As of December 31, 2023, Food Services has drawn $15,726,000 from the credit facility (January 1, 2023 – $8,149,000), of which $3,366,000 was repaid on January 28, 2024, and $198,000 has been issued Letter of Guarantee (January 1, 2023 – USD 8,149,000). $198,000), leaving $24,076,000 in available facilities (January 1, 2023 – $31,653,000)
Source: Annual Report
Annual pre-tax royalty income is approximately $55 million, resulting in a negligible EBITDA figure. The risk here arises from the company’s broader macro issues. Fast food has always been expensive, and somehow the pandemic has really turned fast food into a “luxury product.” We have watched menu items go from $5 to $7 in 4 years. A 40% price increase is indeed unacceptable. Unless they restore pricing rationality as soon as possible, they will rebound. Canadians are also deeply in debt and pinning their hopes on interest rate cuts. We say that because as a country we think it makes more sense to reset your mortgage every 5 years rather than lock it in for 30 years.
You also saw last quarter that the CEO refused to acknowledge what everyone with basic math skills knows: customers are hurting.
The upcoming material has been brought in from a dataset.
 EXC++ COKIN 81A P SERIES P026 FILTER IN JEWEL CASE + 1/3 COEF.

So your setup risk is higher, but on the plus side we ended up keeping the A&W trade at a reasonable level. If you ignore the COVID-19 price collapse of 2020 (which saw dividend yields rise vertically over the past 12 months), this would be the highest yield you’ve gotten in the past decade.
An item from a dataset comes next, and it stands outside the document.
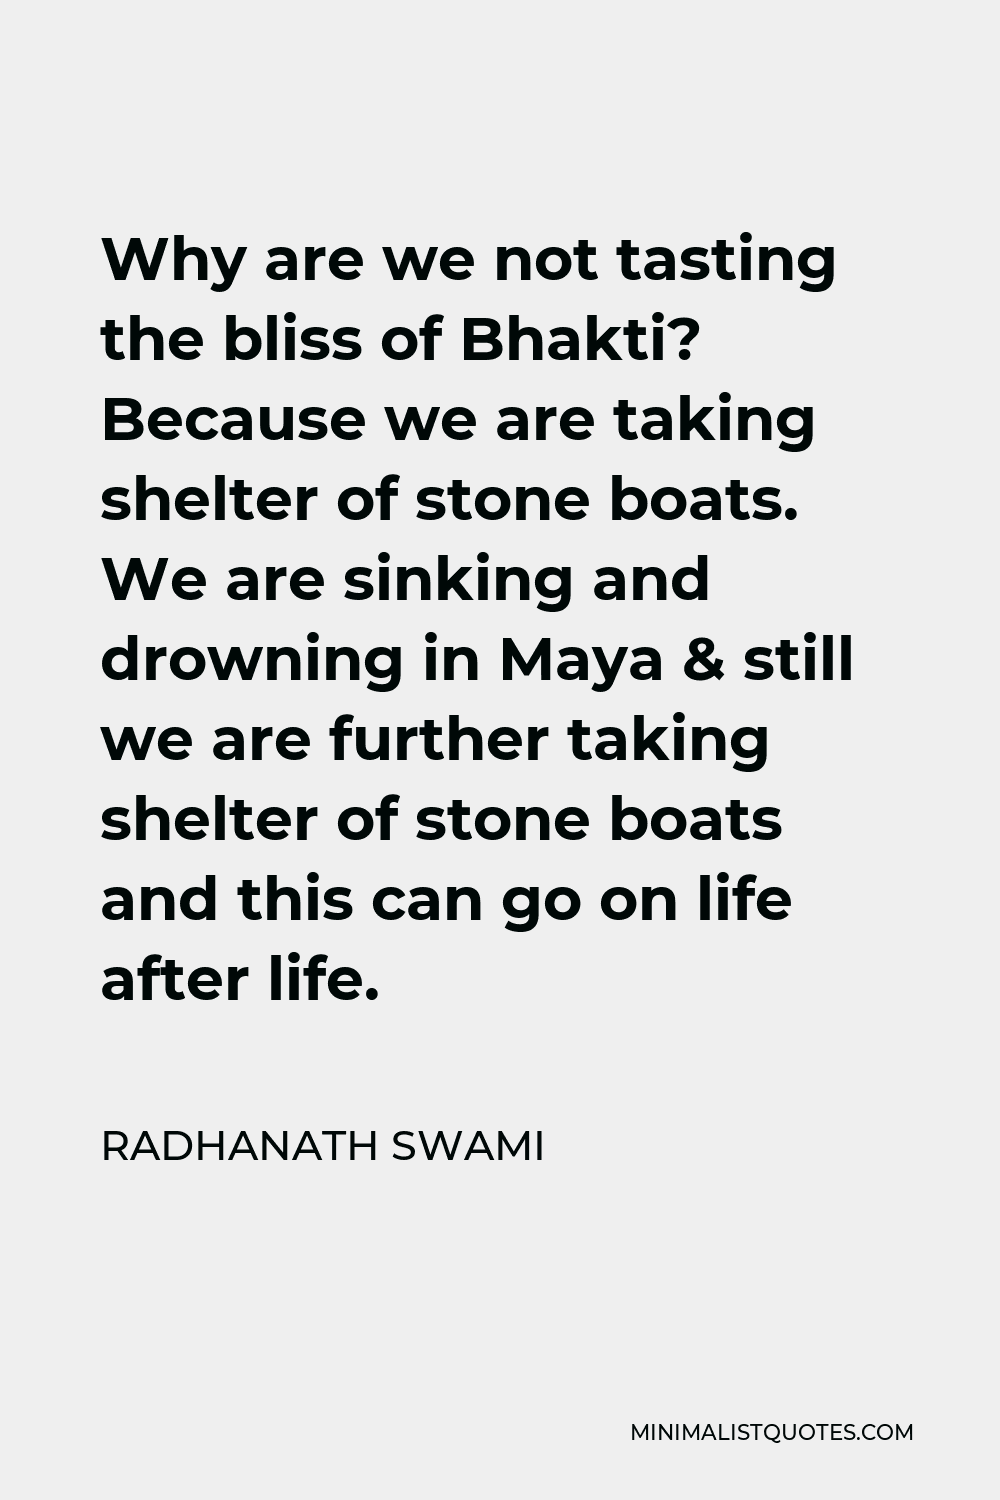 Radhanath Swami Quote - Why are we not tasting the bliss of Bhakti? Because we are taking shelter of stone boats. We are sinking and drowning in Maya & still we are further taking shelter of stone boats and this can go on life after life.

Of course, the objection is that interest rates are also higher. If you plot the dividend yield as a spread to the Canadian 5-year bond yield, it doesn’t look cheap today.
So which argument should we rely on?
judgment
Our rationale for assigning less weight to GOC-5 yield spreads is that we believe the high interest rate environment will only persist as long as inflation remains stubborn. While prices won’t rise quickly from 2020-2023, we believe A&W’s annual price changes can approach the rate of inflation. The company has built-in offsets and the highest absolute dividend yield over the past decade is more than enough to get started. We’d also like to point out here that if it paid out all dividends earned, the dividend yield would be 6.77%. All things considered, we think now is a good time to start chipping away at this issue as enough damage has been done by the valuation compression. We’ll do that with the starting spot sometime next week.
Please note that this is not financial advice. It looks like it, sounds like it, but surprisingly, it’s not. Investors should conduct their own due diligence and consult with professionals who understand their objectives and limitations.
Editor’s Note: This article discusses one or more securities that do not trade on a major U.S. exchange. Please be aware of the risks associated with these stocks.